Gene expression is subject to stochastic variability even among the cells with the same genotype and environment.145 The inherent stochastic nature of transcriptional regulation affects cell ability to control gene expression levels in response to extracellular stimuli, including stress cues. In the context of cell death, such cell-to-cell variability translates to dramatic differences in the time between exposure to stress and the execution of cell demise.9, 12 The differences in kinetics of cell death are particularly pronounced when critical events involve small numbers of molecules, for example, apoptosome formation. Importantly, for many genes, the noise in the expression pattern increases as their expression decreases. As miRNAs affect cell homeostasis by regulating gene expression, it is conceivable that they inherently contribute to the cell-to-cell variability in cell signaling as well as to the robustness of cell phenotypes and responses to stimuli, including pro-apoptotic stimuli. This field of research remains, as of now, largely unexplored, with only a few attempts to analyze the stochastic properties of regulatory clusters involving miRNAs.146 It is, nevertheless, and exciting avenue with potentially far-reaching implications when it comes to regulation of cardiomyocyte cell death, particularly in the contexts of a delayed and slow-progressing response outcome of which can be substantially affected by changes in cell-to-cell variability. This line of research will require not only knowledge of the effects of specific miRNAs on oscillations in gene expression patters but also stochastic version of deterministic models employed traditionally to study cell signaling pathways.

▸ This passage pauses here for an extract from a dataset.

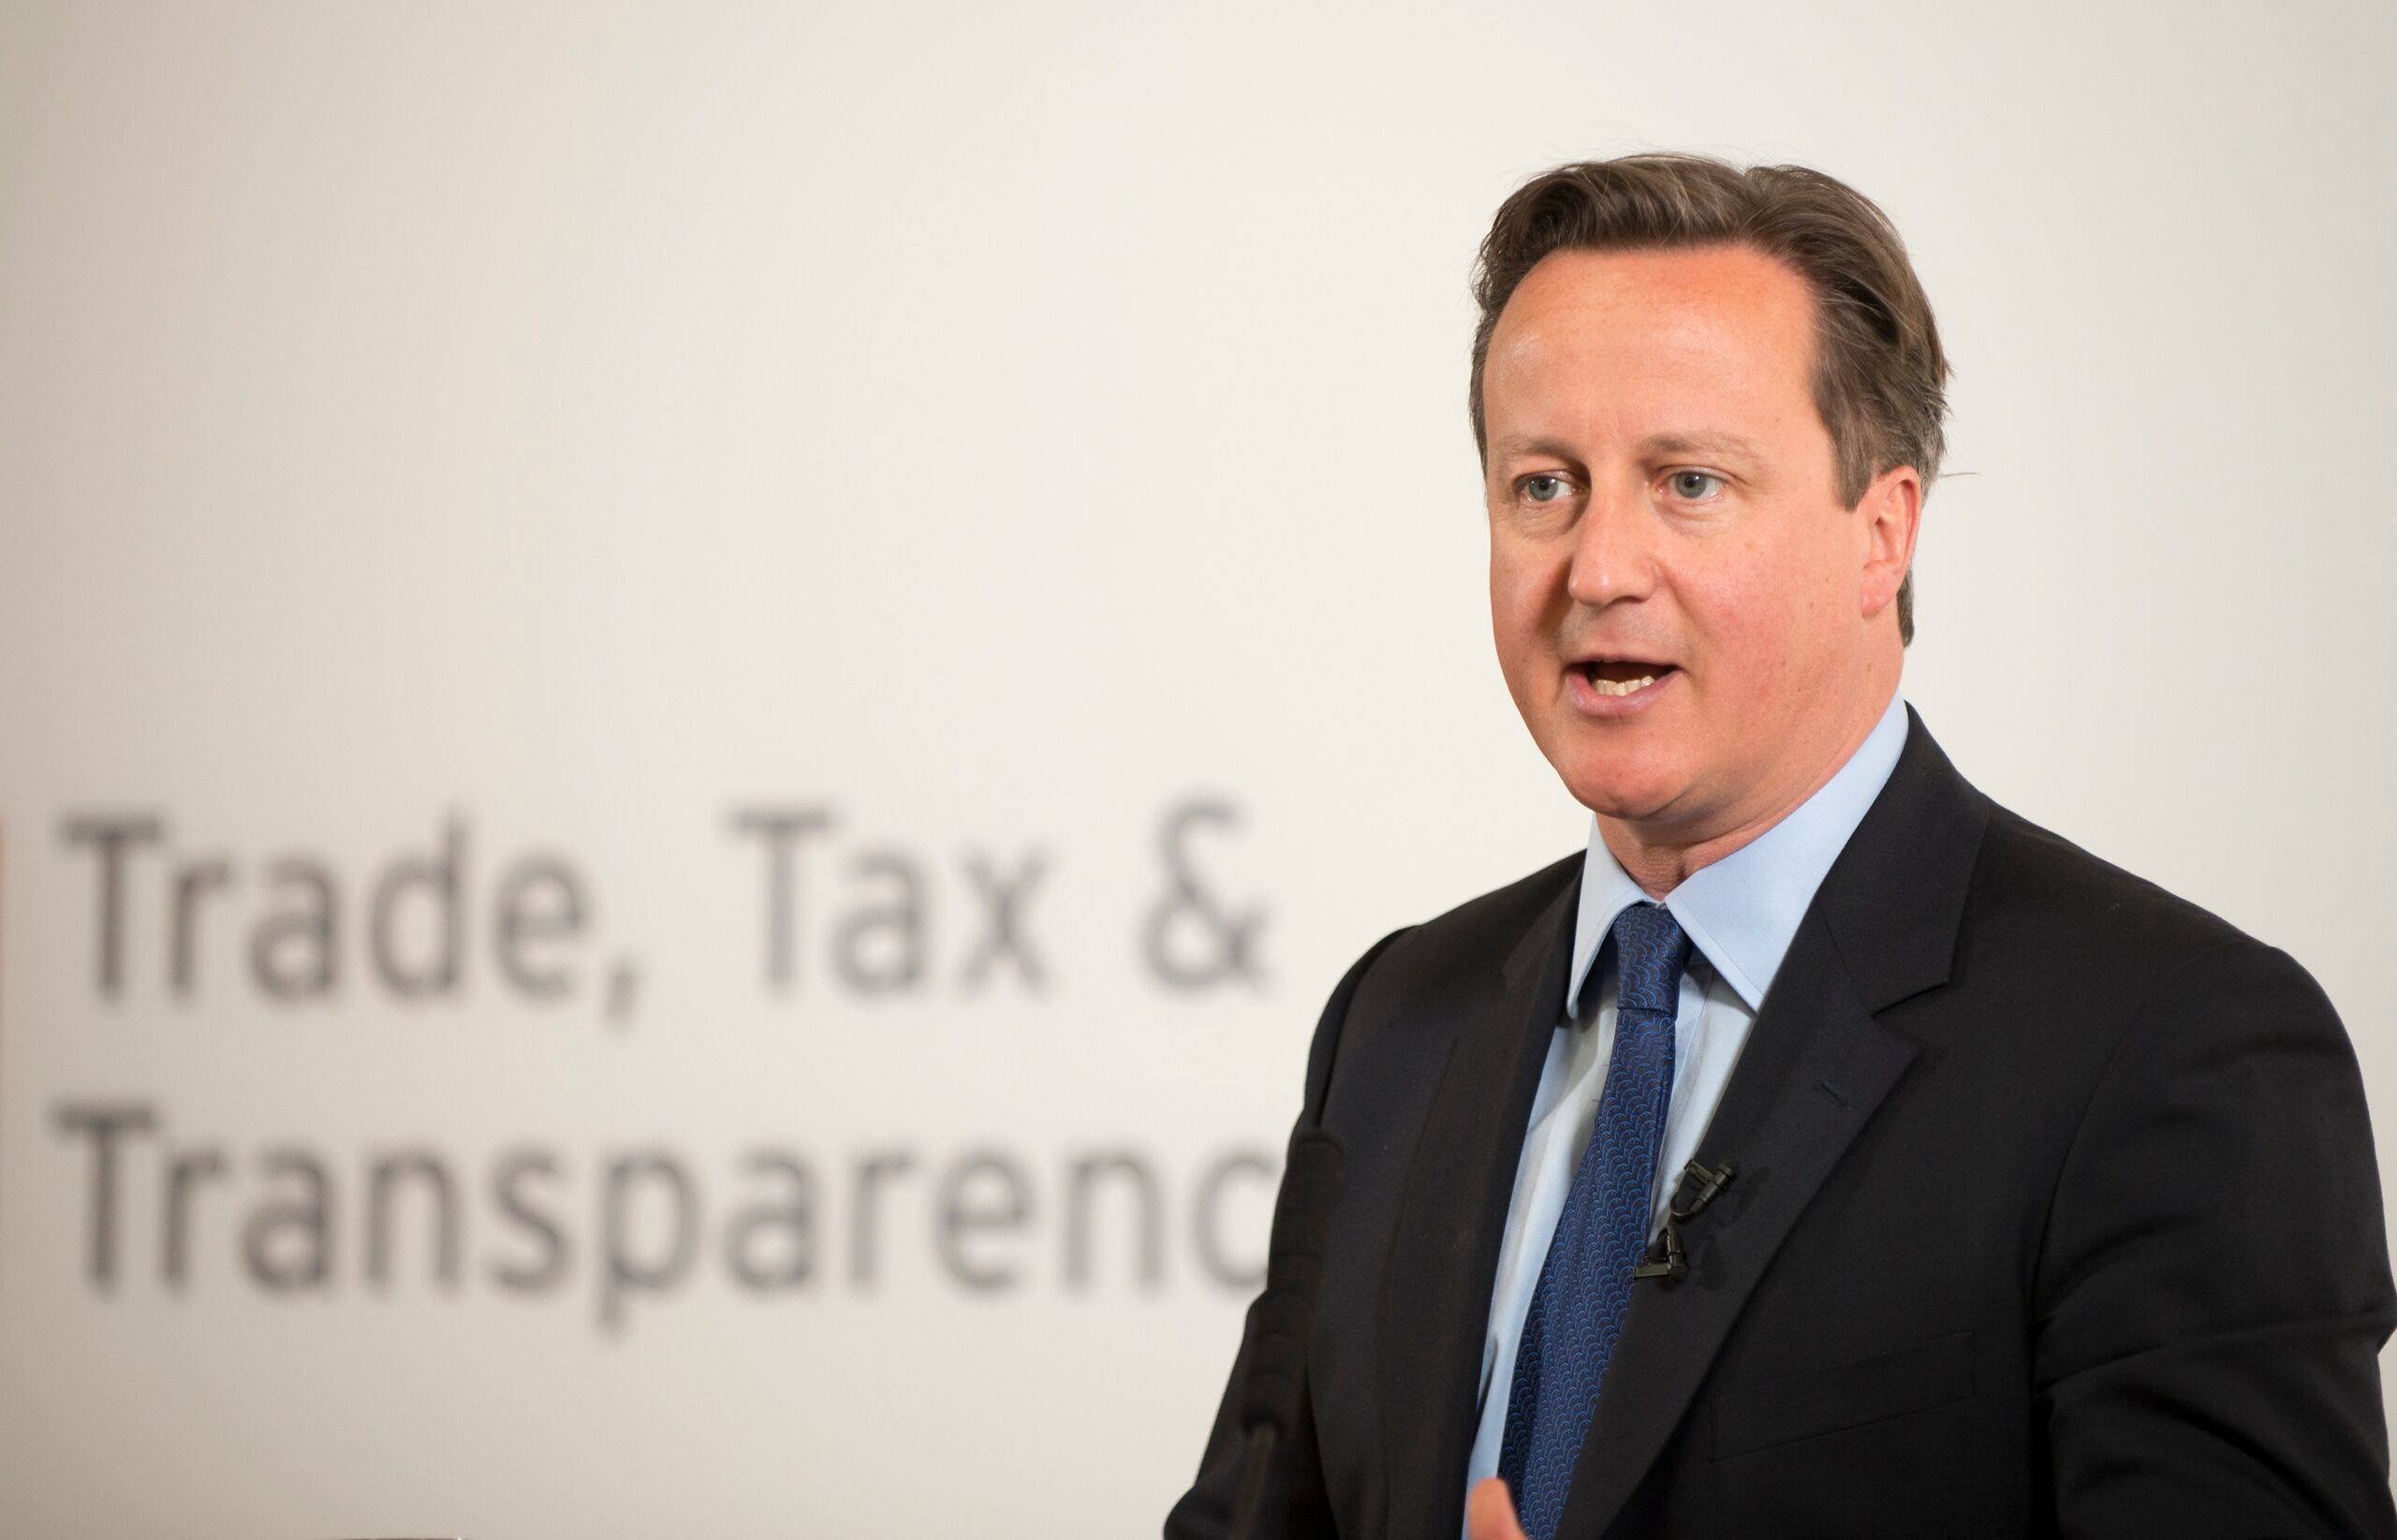 David Cameron is heavily implicated in the Greensill lobbying scandal

Summary and Future Outlook

Through an in-depth analysis of the current evidence linking miRNAs with regulation of cardiomyocyte cell death pathways, and the understanding of regulatory nodes (including cross talks between the pathways and non-genetic regulation of cell-to-cell variability in cell death), we have identified several new research avenues, pursuit of which may be of pivotal importance to our understanding of regulatory circuits that govern survival and death of cardiomyocytes. These avenues include the role of redox-sensitive miRNAs, the effects of beta estradiol in regulation of miRNAs expression and action in the heart, the role of miRNAs in regulating the balance between pro-survival and death pathways as well as cell-to-cell variability in timing and extent of phenotypic response. The emerging systems-biology approach to studying the functional synergy between cardiac miRNAs in the context of cell death pathways should be extended to incorporate more extended network of signaling pathways, including ROS signaling. This should help to elucidate the full impact of miRNAs on gene expression networks and biological pathways. In the context of these observations, there is a need for investigation of aging-associated cardiac miRNAs that affect cell death pathways. Further studies are also required to understand mechanisms responsible for reported cardiac microRNA changes during myocardial infarction, chronic kidney disease, hypertension, diabetes and other cardiac pathological conditions of cardiac death. Analysis of the fine balance between the apoptotic and hypertrophic roles of cardiac miRNAs will contribute to the understanding of the complex interactions between multiple cardiac-specific miRNAs in aging. We envisage that all these studies will form a solid framework for development of future therapies for the treatment of cardiovascular diseases, based on anti-miR/miRNA overexpression approaches.